Here are some takeaways from their discussions:

The threat is evolving. Particularly, the threat is atomizing. No longer are terrorist groups focused on achieving another 9/11—a large-scale, sophisticated attack—but are instead focused on smaller scale, street-level attacks carried out by homegrown radicals inspired by extremist ideologies, whether or not they are formally affiliated with extremist groups.

Recruitment is changing. To carry out that goal, extremists are changing how they communicate and recruit. Today, ISIS is preeminent, and it has a unique communications strategy based on its use of social media and its emphasis on using the English language in its messaging. Social media has changed how extremist messages are being disseminated: messages are shared horizontally instead of hierarchically and are no longer disseminated through one source, such as a single website or al-Qaeda’s Inspire magazine. Instead, an estimated 90 percent of ISIS’ messages comes from supporters and sympathizers, who are nowhere near the front lines in Syria and Iraq.

Extremists are also changing their recruiting targets. Where targets for extremist messages used to be young adults in their 20s and 30s, ISIS in particular is now focusing on teenagers. The window for intervention, too, is shrinking. With extremists able to have immediate and constant communication with their targets due to the ubiquity of cellphones and social media platforms, the time between first contact and action has shrunk from months to just weeks.
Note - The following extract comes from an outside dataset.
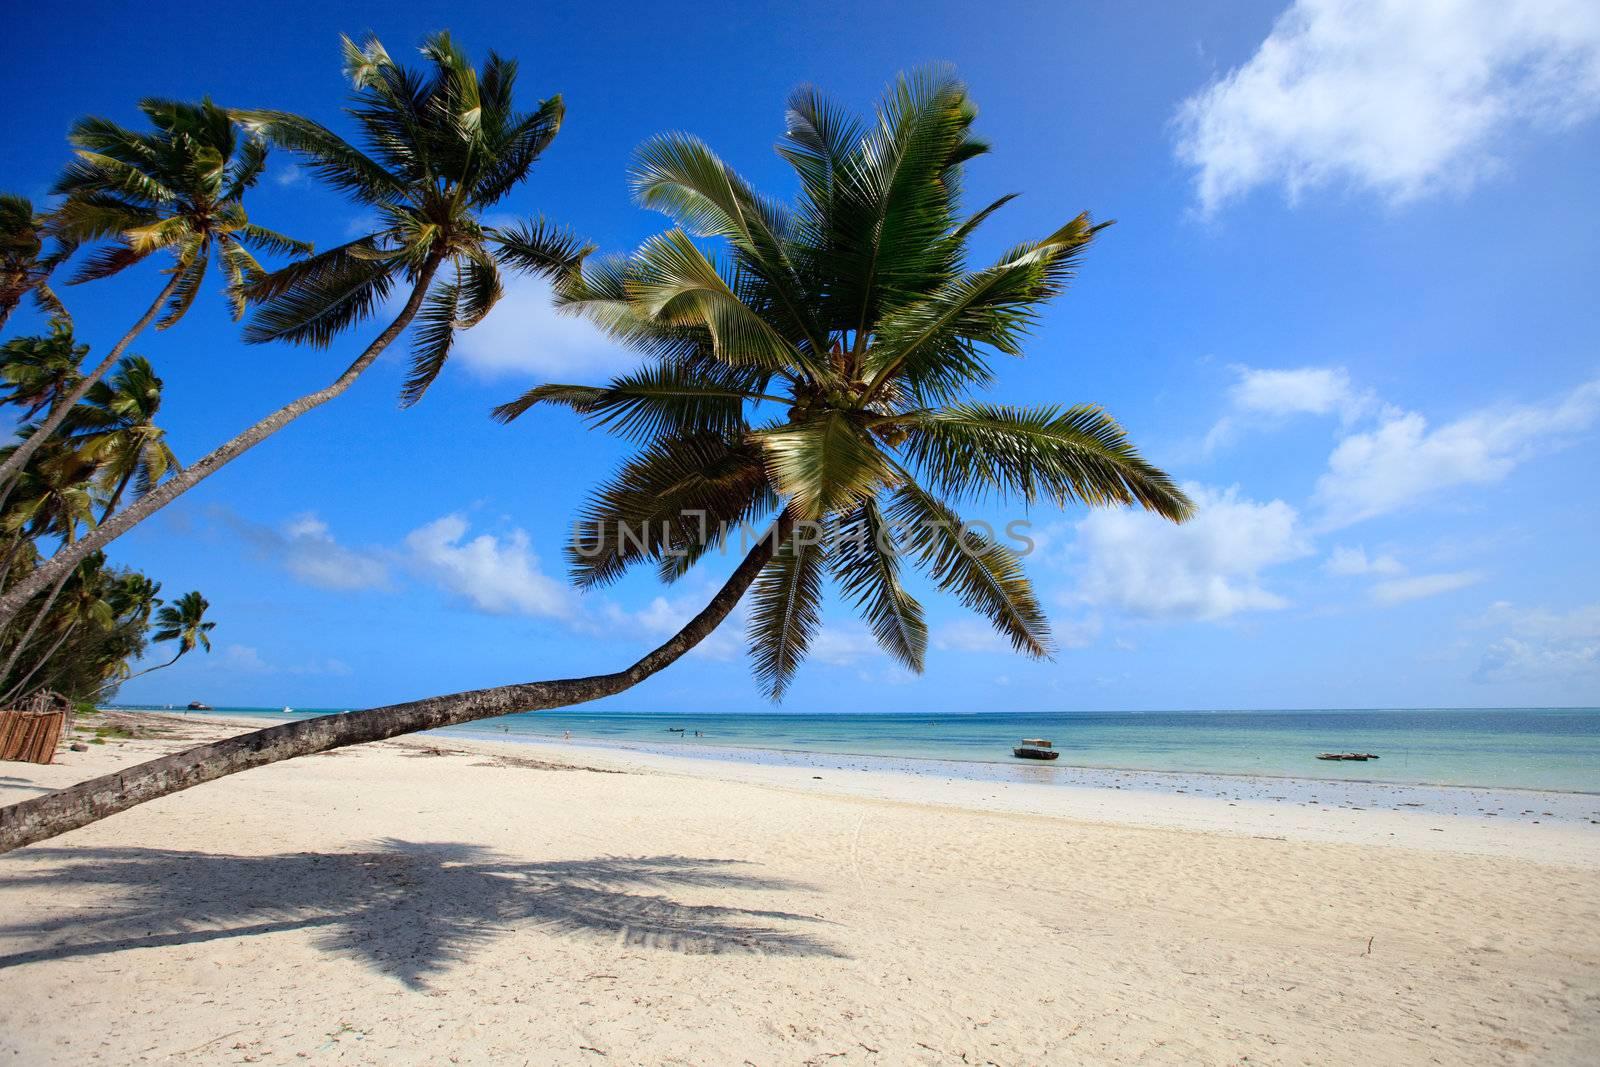 White sand tropical beach with palm trees on north-west coast of Zanzibar island

“We can’t arrest our way out of this problem,” was the common refrain from federal and local law enforcement officers. Law enforcement is limited in the actions it can take, and therefore partnership with local communities is crucial. Communities that are empowered to identify signs of radicalization in individual members and intervene before the situation escalates into criminal activity—the point at which law enforcement would get involved—will make communities safer.

Identifying counternarratives and counternarrators. The sheer volume of extremist messages being shared on social media present a serious challenge for law enforcement, who must whittle down the list from those who have been exposed to extremist messages and recruitment attempts to those few that are likely to act on them. Community members have a vital role in engaging with those that have been targeted by extremist messages and may be persuaded by them. In fact, their role is even greater than government’s.
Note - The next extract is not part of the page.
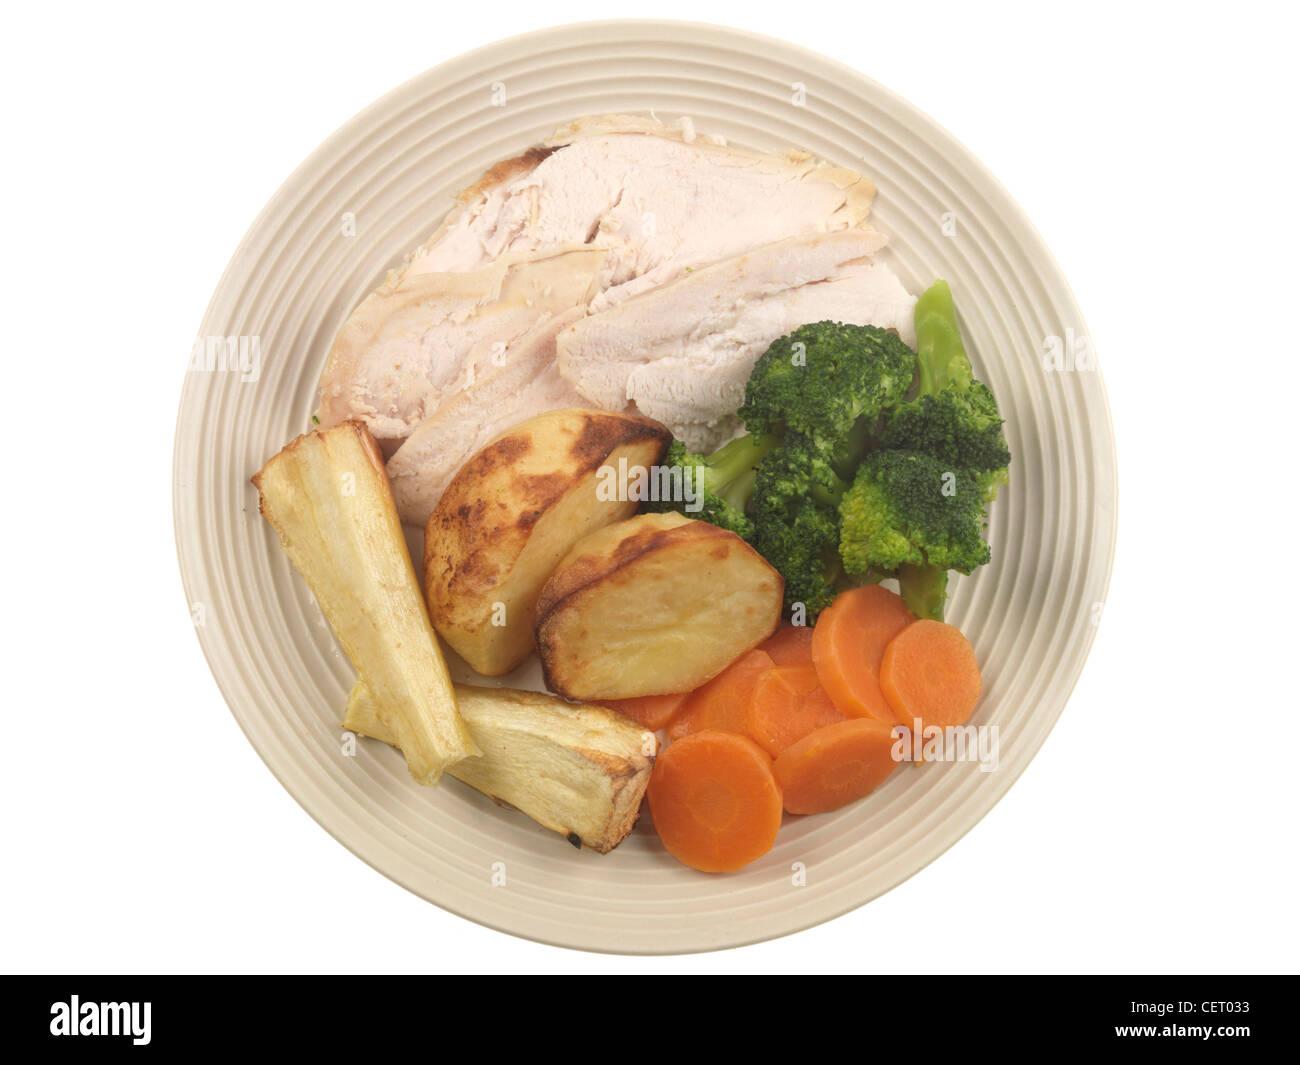 Roast Chicken Dinner - Stock Image

Several participants in the summit reiterated that, for young people especially, the government is not a credible messenger. Countermessages are better delivered within communities, whether on a peer-to-peer basis or from a leader in the community. The role of government should be to identify credible counternarrators and amplify their voices.

Building communities of trust between law enforcement and the communities they serve is crucial to responding to today’s evolving threats. Communities are best positioned to know their members and to identify worrying changes in behavior that may be precursors to violent action, and to conduct interventions that connect individuals to support and care before criminal activity occurs—providing an “off-ramp” on the path to violence.

Community-based policing is more than a program or a division, it is a fundamental philosophy to guide law enforcement in all areas, not just countering violent extremism. Partnership with law enforcement, including training and information sharing, will empower communities to best recognize and respond to warning signs. Building trust requires building relationships and open lines of communication between law enforcement and the communities they serve, and that law enforcement actively seeks community input and buy-in for its initiatives.

Best practices from local law enforcement agencies across the United States, such as the examples being set in Dearborn, Michigan; Cook County, Illinois; Hennepin County, Minnesota; and Rutland, Vermont, as well as examples from the United Kingdom and European Jewish communities, can provide models for building trust with communities to strengthen policing.